Blender Crepe Batter
This crepe recipe has been my go-to for over 20 years—simple, reliable, and always a hit. My daughters grew up on these, often helping themselves to the batter I’d leave in the fridge. They’d slather the warm crepes with our homemade “Nutella”, which is miles better than the store-bought kind full of palm oil and questionable ingredients. You can swap the white chocolate for dark or milk if you like.
Ingredients
2 large eggs
2 cups milk
1 1/4 cups all-purpose flour
1/4 cup granulated sugar
1/8 teaspoon salt
1/4 cup (½ stick) unsalted butter, melted
Neutral oil or butter for greasing the pan
Instructions:
Add to Blender: Add all ingredients to the blender in this order:
Eggs
Milk
Flour
Sugar
Salt
Melted butter
Blend: Blend on medium speed for about 20–30 seconds until smooth. Scrape down sides if needed and blend again for a few seconds.

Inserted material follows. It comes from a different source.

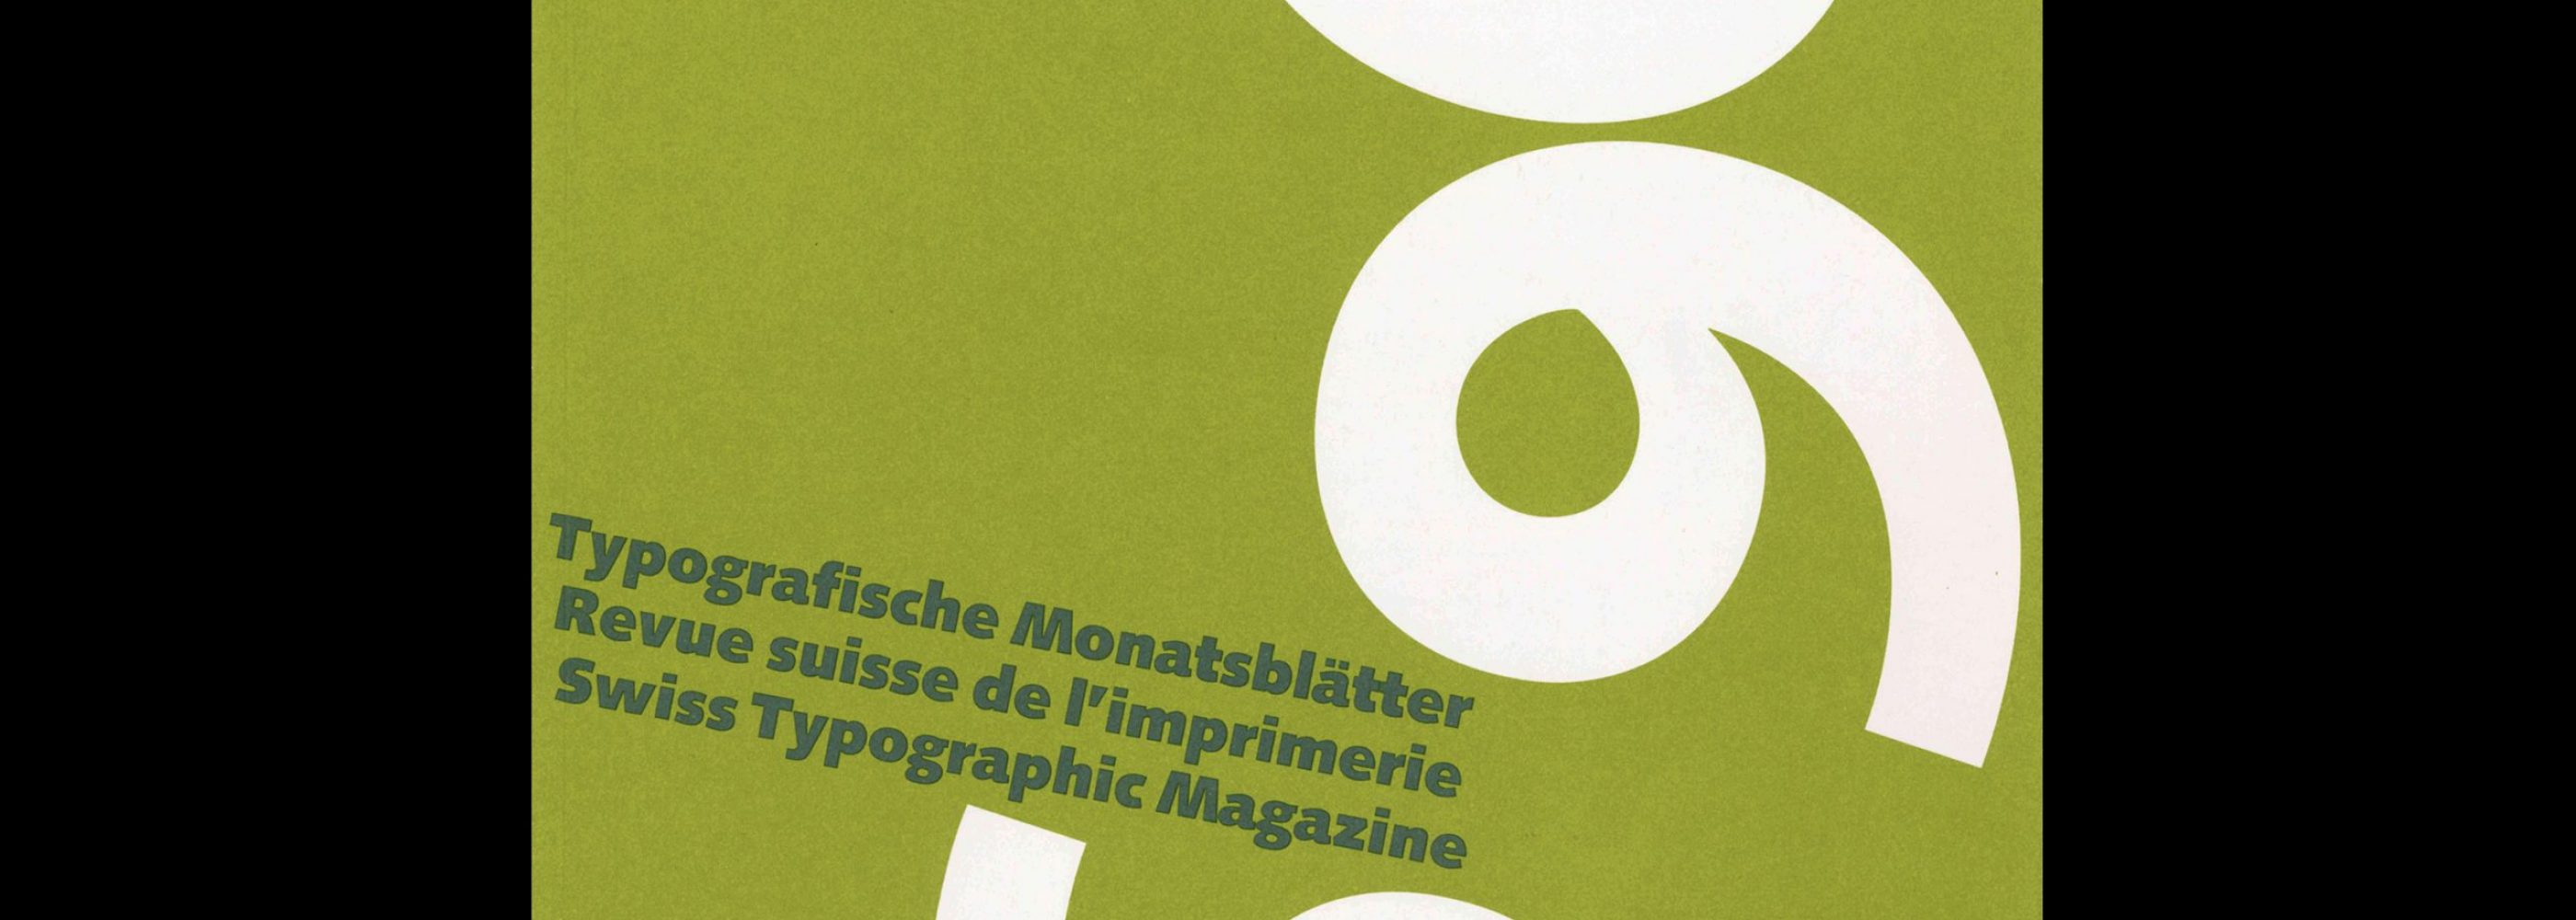 Typografische Monatsblätter, 6, 1996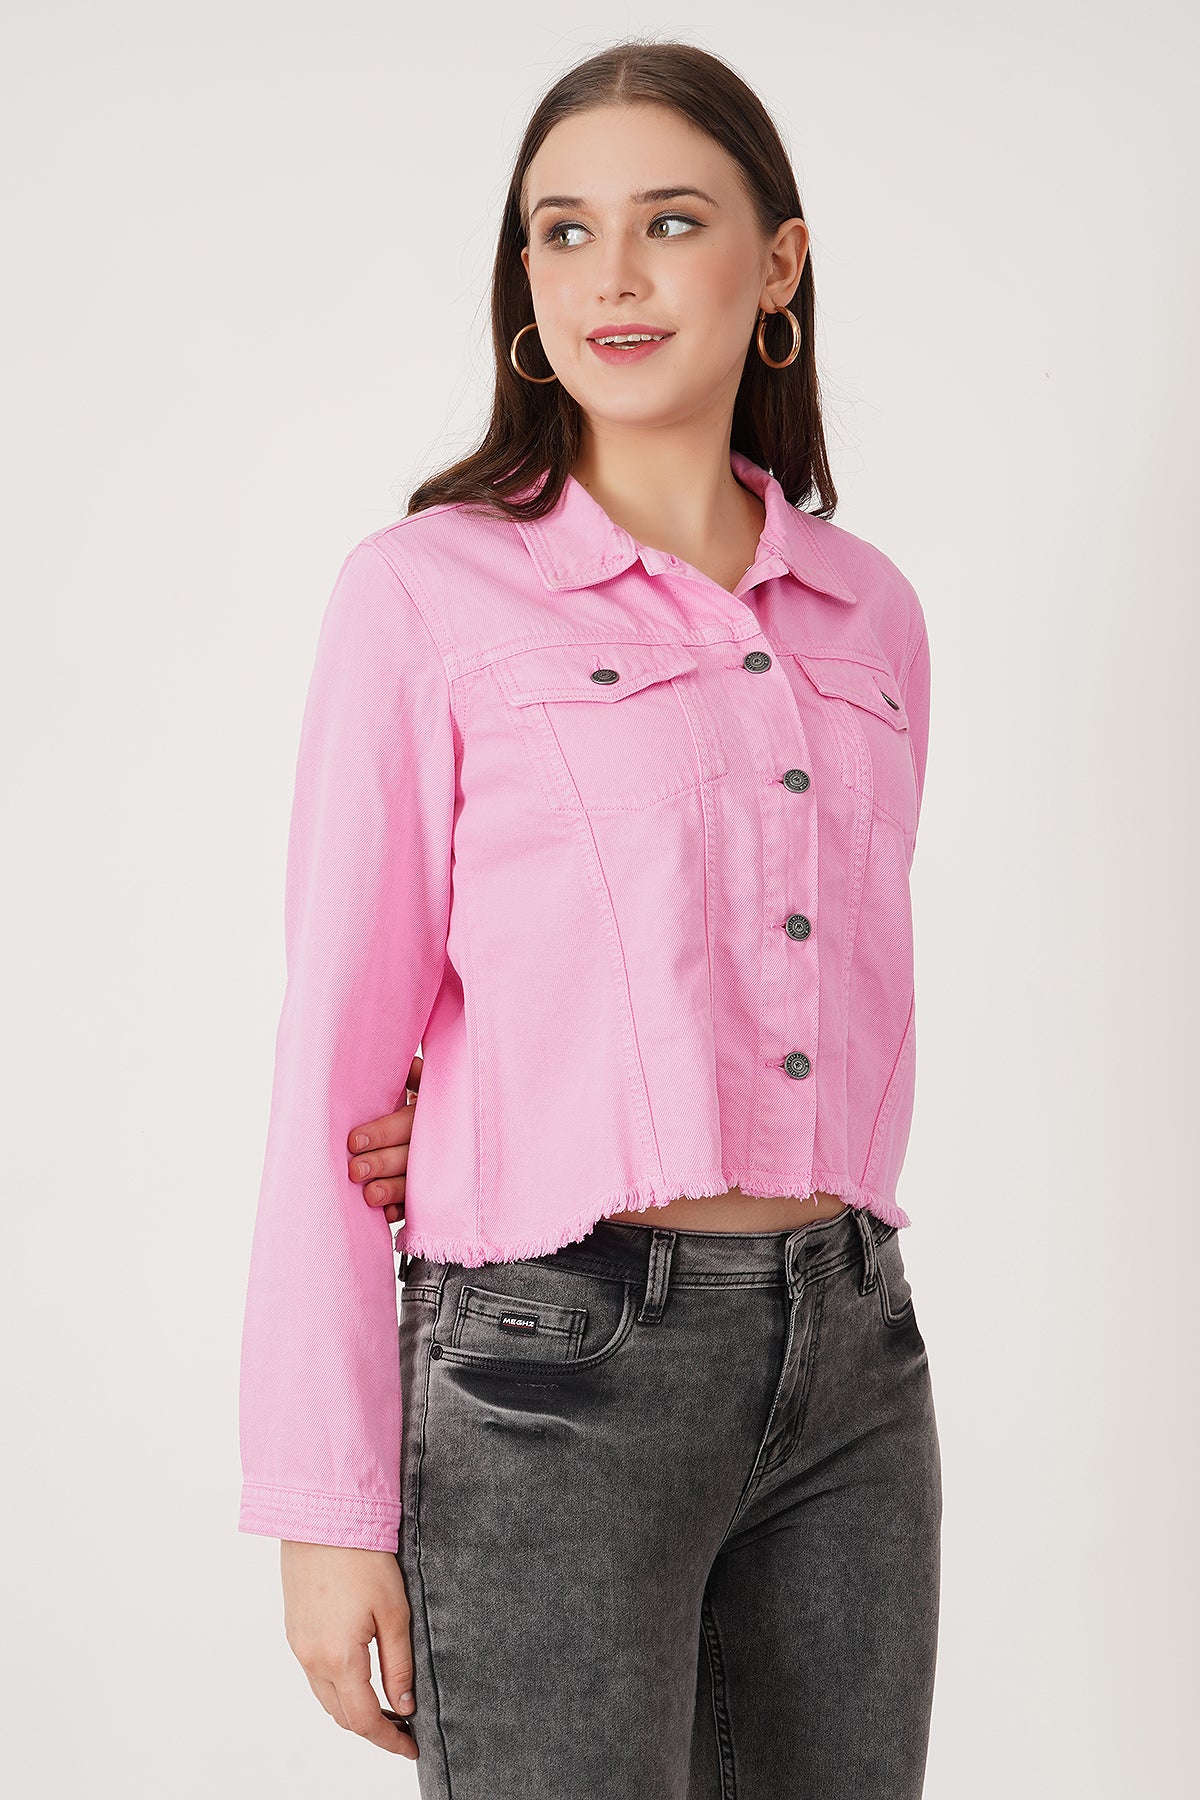 NWT ZARA Women's 100% Cotton Relaxed Fit Short Denim Jacket in Faded Pink  Sz XXL | eBay

Rest (optional but recommended): Let the batter rest for 15–30 minutes (or refrigerate up to 24 hours) to relax the gluten. This gives you more tender crepes.
Cook: Heat a nonstick skillet or crepe pan over medium heat. Lightly brush with oil or butter. Pour in a small amount of batter (about 1/4 cup) and tilt the pan to coat the bottom thinly. Cook for ~1–2 minutes per side.